Nearly 20 years after Pathfinder rolled onto an ancient Martian flood plain called Ares Vallis, NASA’s four Mars rovers have only covered about 38 miles of the Red Planet. That leaves plenty of territory for the next lander, Mars 2020, to explore.
At a conference last week, scientists determined three possible landing sites for the rover: Columbia Hills, Northeast Syrtis, and Jezero Crater. Orbital observations and previous rovers have found that the first two sites were likely once home to hot springs; Jezero Crater may have held a large lake.
“If you find where the liquid water was,” Bruce Betts, director of science and technology for the Planetary Society, tells The Christian Science Monitor, “if there were ever life on Mars, that would be a good place to look.”
This “follow the water” paradigm has guided NASA's missions to Mars since the 1990s. The Mars 2020 mission, scheduled for launch in three years, continues this approach and adds a new goal: returning samples for Earth-based study.
“All of the recent landings, going back to Spirit and Opportunity, have been driven by this liquid water interest,” Dr. Betts says. With Mars 2020, he continues, “they've upped the ante a little, particularly with the collection of samples where you can bring them back to Earth and do detailed studies.”
Past rovers have hammered Mars rocks, probed them with microscopes, and zapped them with lasers, but they've all been limited by the need to weigh as little as possible. Some scientific instruments, notes Betts, “are larger than you could ever hope to fly.”
We also have Mars rocks that fell to Earth as meteorites after getting kicked up by ancient impacts. But those have been stripped from their geological context, Betts explains: “exactly where it came from, the layer of the rocks, how it fits into the overall history.”
Engineers at NASA’s Jet Propulsion Laboratory are preparing Mars 2020 to gather both samples and context. As reported by Nature’s Alexandra Witze, the rover will fill 37 14-centimeter-long titanium tubes with air, rock, and soil samples, then leave them in a cache on the planet’s surface.
At some unknown future date, another vehicle will land, deploy a “fetch” rover to retrieve the cache, and return the samples to Earth.
In 2013, the authors of a National Research Council report titled “Vision and Voyages for Planetary Science in the Decade 2013-2022” labeled a sample-return mission like this as a top priority. After considering one alternative – sending more rovers – the study’s authors concluded that “sample return would have significantly higher science return and a much higher science-to-dollar ratio.”
That doesn’t mean it will be cheap. A recent audit, performed by NASA’s inspector general, pegs the cost of Mars 2020 at $2.4 billion. Dr. Firouz Naderi, JPL’s associate director, estimates the total cost of sample collection and a second pickup mission at between $6 and $7 billion.
But Dr. Betts warns that “it's going to be challenging for anyone to go get the samples and return them.
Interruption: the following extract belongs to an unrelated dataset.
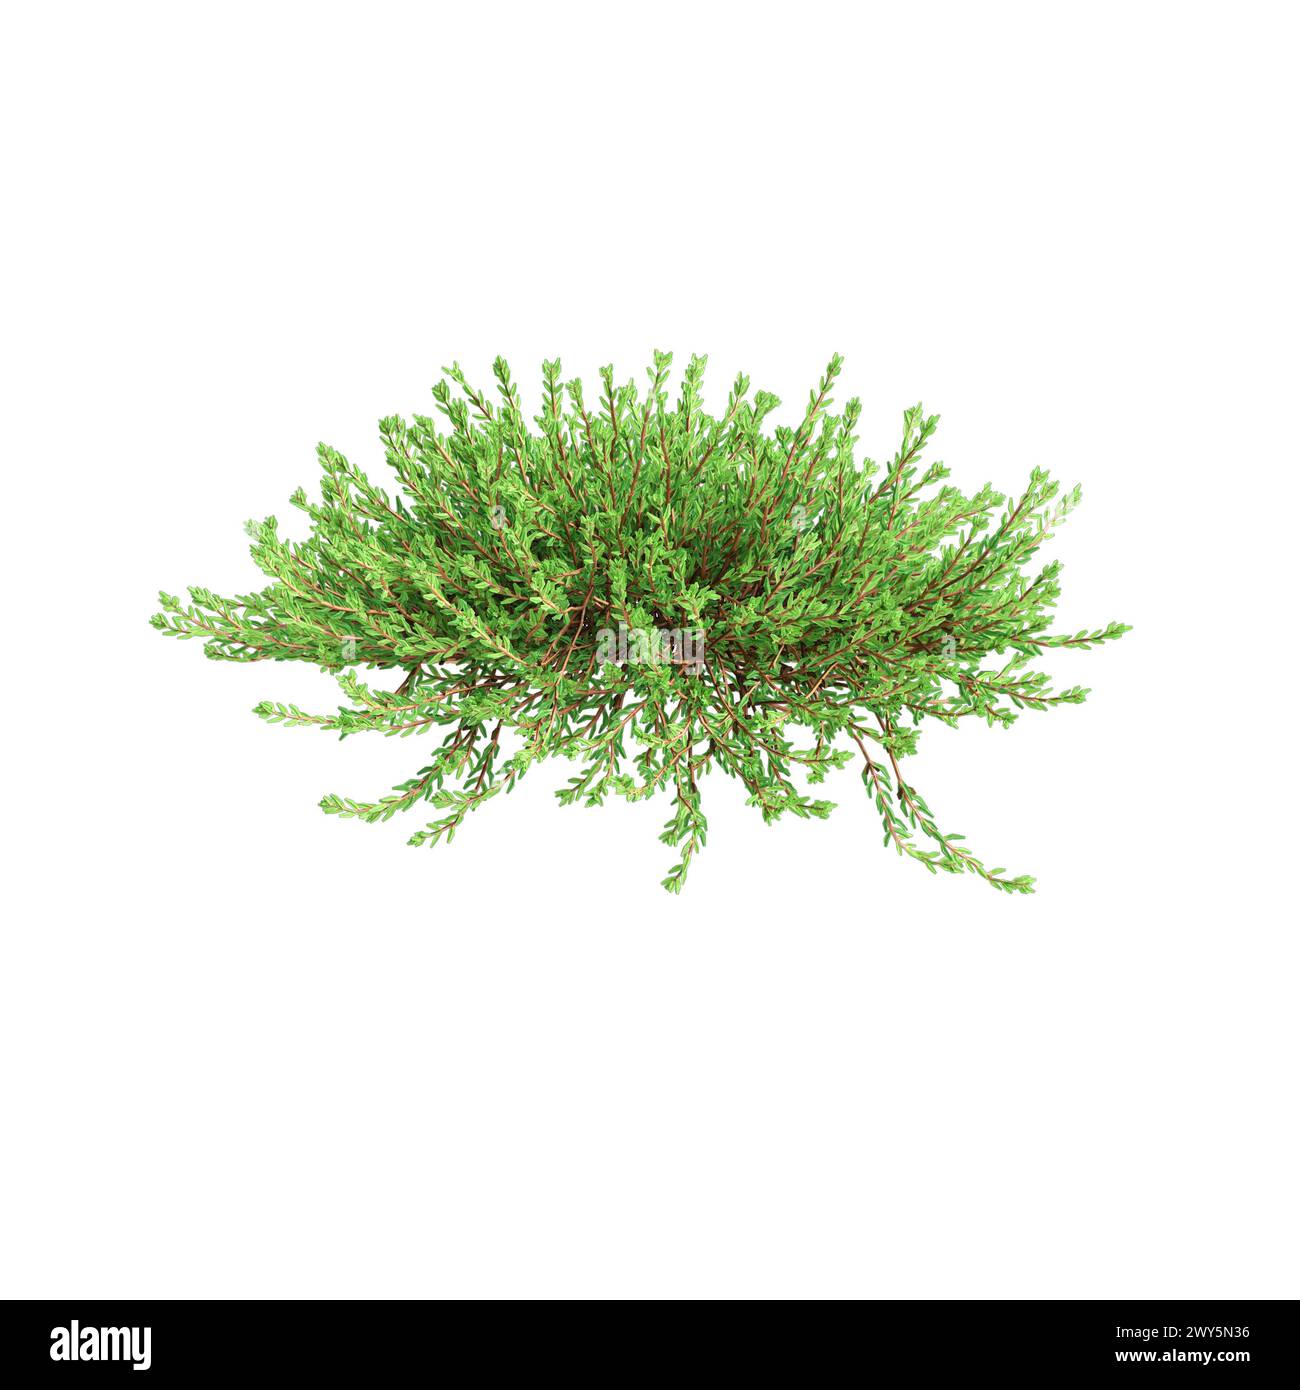 3d illustration of Empetrum nigrum hanging plant isolated on white background Stock Photo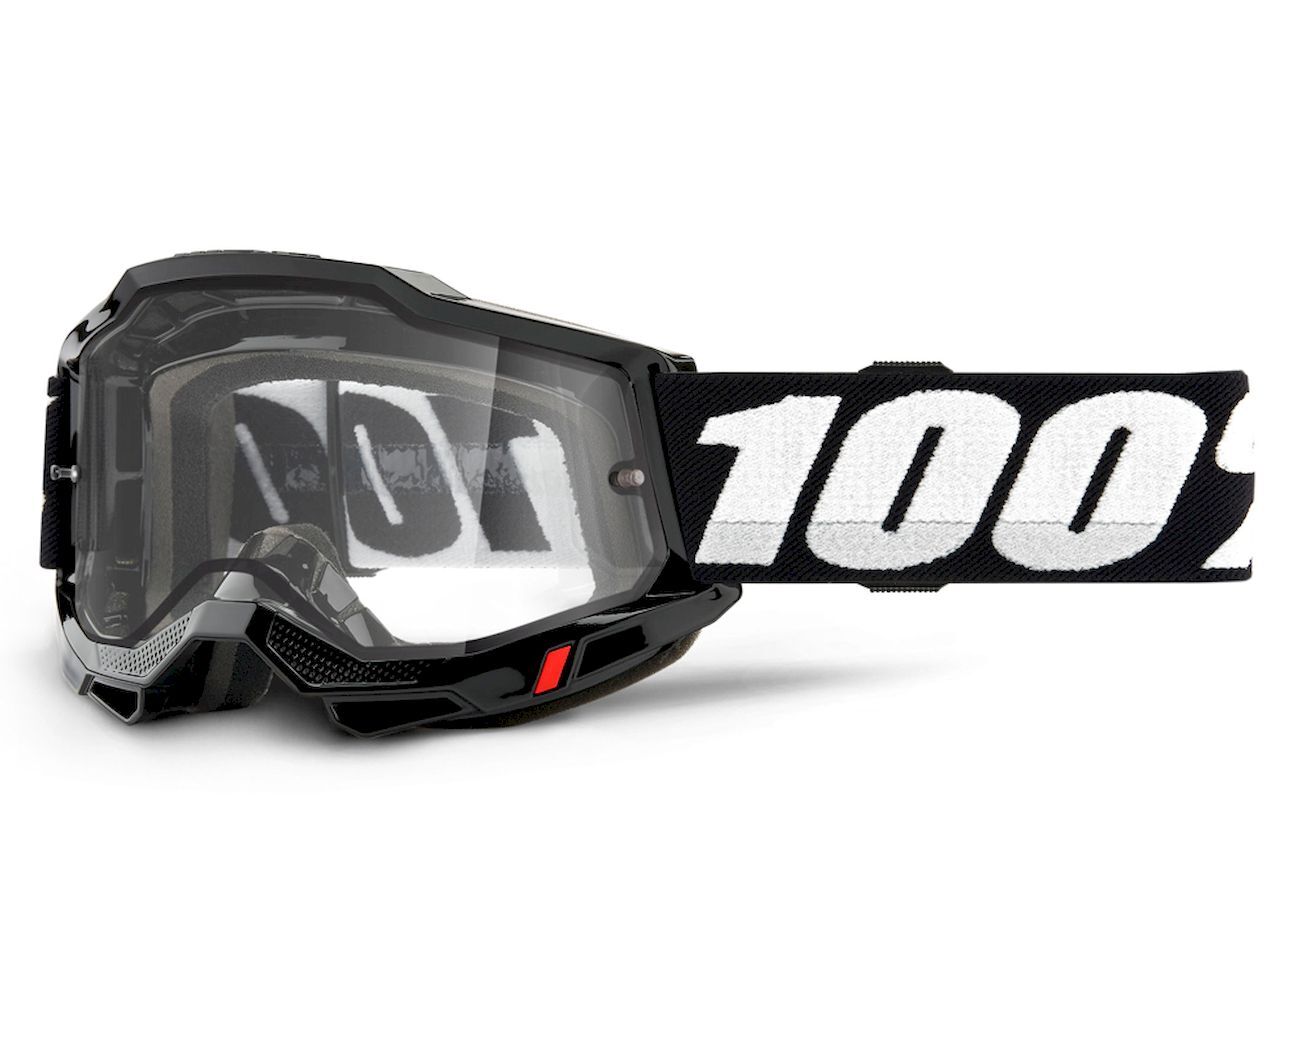 100% Accuri 2 Enduro - MTB Goggles - Men's

NASA so far is the only one who's demonstrated experience at being able to get [a Mars lander] into a relatively small location and go where they want to go.”
Despite the costs and challenges of bringing back Mars rocks, the rewards could be enormous, says Timothy Goudge, a postdoctoral fellow at the University of Texas at Austin who attended last week’s site selection meeting.
“Having returned samples from a known context/location on Mars would open up a huge suite of analysis techniques that the rocks could be subjected to,” he tells The Christian Science Monitor in an email. Analyzing the rocks in an Earth-based laboratory, he explains, “will allow us to understand the geologic history of the samples (e.g., age, temperature of formation, interaction with fluids and the atmosphere, etc.) in a way that we couldn’t accomplish in situ on Mars.”
That bring us closer to answering the burning question of whether or not life existed on Mars, by applying our best techniques to "any potential organic matter found by the rover, and determining if that material has a biologic origin or not.”
It also accomplishes all this while risking much less contamination to the Martian environment, and avoiding the costly business of keeping astronauts alive during a years-long mission in deep space.
But aspiring Mark Watneys shouldn’t change their career plans just yet. Dr. Michael Meyer, lead scientist for NASA’s Mars Exploration Program, tells the Monitor in an email that a sample return “would help humans get to Mars.”
The Planetary Society's Bruce Betts agrees.
“You can do human missions without a sample return," he says. But because such a mission would involve geological analysis, landing, and taking off from the Martian surface, a "sample return is a logical precursor to a human mission.”
[Editor's note: This article has been updated to include a comment from Dr. Michael Meyer.]